I have to debug a BDB system hanging when the code tries to get the cursor on a table:
hBdb->bdberr = hBdb->dbcp->c_get(hBdb->dbcp, &key, &data, flag);
The trace in gdb is
#0 0x00007fe28ea35d29 in pthread_cond_wait@@GLIBC_2.3.2 () from /lib/libpthread.so.0
#1 0x00007fe28ec723b1 in __db_pthread_mutex_lock (dbenv=0xb0b0e0, mutex=<value optimized out>) at ../dist/../mutex/mut_pthread.c:218
#2 0x00007fe28ec71fb7 in __db_tas_mutex_lock (dbenv=0xb0b0e0, mutex=47) at ../dist/../mutex/mut_tas.c:183
#3 0x00007fe28ed44922 in __memp_fget (dbmfp=0xb0c420, pgnoaddr=0x7fffae5ccbdc, txn=0x0, flags=0, addrp=<value optimized out>) at ../dist/../mp/mp_fget.c:233
#4 0x00007fe28ec85811 in __bam_search (dbc=0xb0c9c0, root_pgno=1, key=0x7fffae5cd580, flags=1409, slevel=1, recnop=0x0, exactp=0x7fffae5ccce4)
#5 0x00007fe28ec76746 in __bamc_search (dbc=0xb0c9c0, root_pgno=0, key=0x7fffae5cd580, flags=26, exactp=0x7fffae5ccce4) at ../dist/../btree/bt_cursor.c:2486
#6 0x00007fe28ec7792a in __bamc_get (dbc=0xb0c9c0, key=<value optimized out>, data=0x7fffae5cd550, flags=26, pgnop=0x7fffae5ccd84)
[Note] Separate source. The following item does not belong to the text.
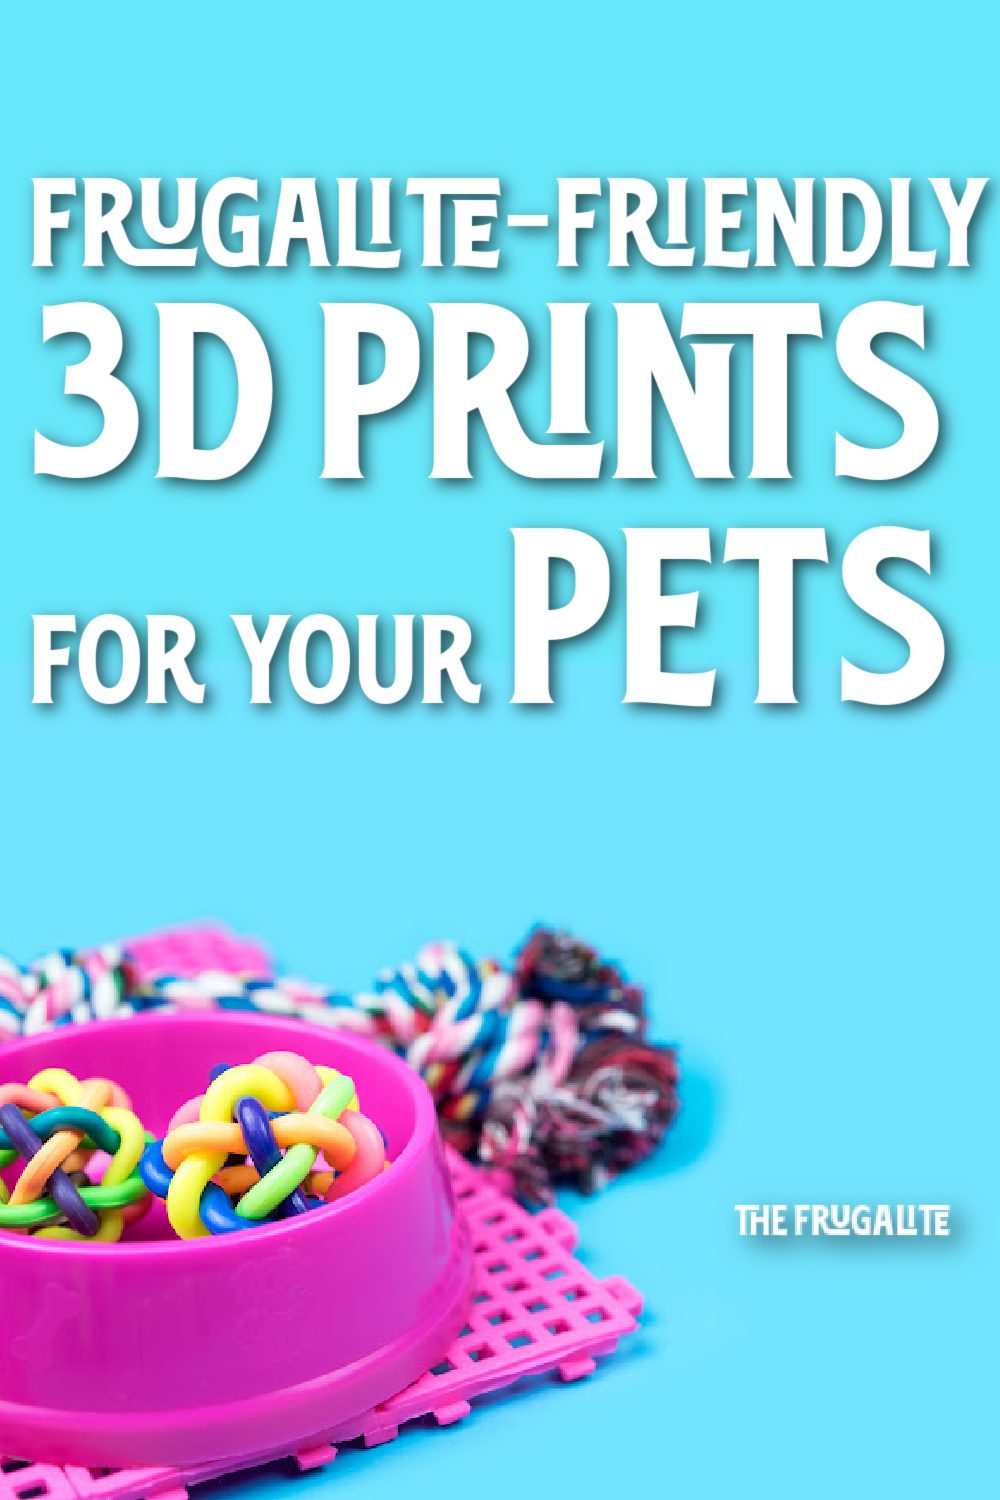 Frugalite-Friendly 3D Prints for Your Pets

#7 0x00007fe28ed0175a in __dbc_get (dbc_arg=0xb0c660, key=0x7fffae5cd580, data=0x7fffae5cd550, flags=26) at ../dist/../db/db_cam.c:697
#8 0x00007fe28ed0ab9a in __dbc_get_pp (dbc=0xb0c660, key=0x7fffae5cd580, data=0x7fffae5cd550, flags=26) at ../dist/../db/db_iface.c:2021
#9 0x00007fe28e2c19cc in gd_DbLocate (h=0xb09f70, ptrart=0x7fffae5cd6e0 ",\001", flag=26) at ../src/DbBDB.c:456
I'm trying to find out why the c_get (frame 9) call blocks, to then correct the situation. Any hint?
do you have a reproducible test case? What does your run environment look like? What isolation level are you using? From the call stack, the page that has the record on it that you want is locked by some other process/thread. It is normal for database systems to take locks out, as this is how they enforce the ACID properties. Most likely the way to address is to look at the application design and make some adjustments. If 2 processes go after the same page at the same time, then only one of them will get it and the other has to wait.
BDB is an embedded library. If a process dies while in the library, then there is the possibility that it may have had locks that no longer have an owner. In a separate process you can run failchk. failchk is a utility that will look for things like this and *try* and clean them up. If failchk detects that the process died while doing some updates to the database, then it will not be able to clean up and throws a DB_RUNRCOVERY error. Why: if the process was in the middle of doing writes, then it could have been in the middle of a txn and we have partial txn out there that could leave you with a corrupted db. By running recovery, we fix that problem.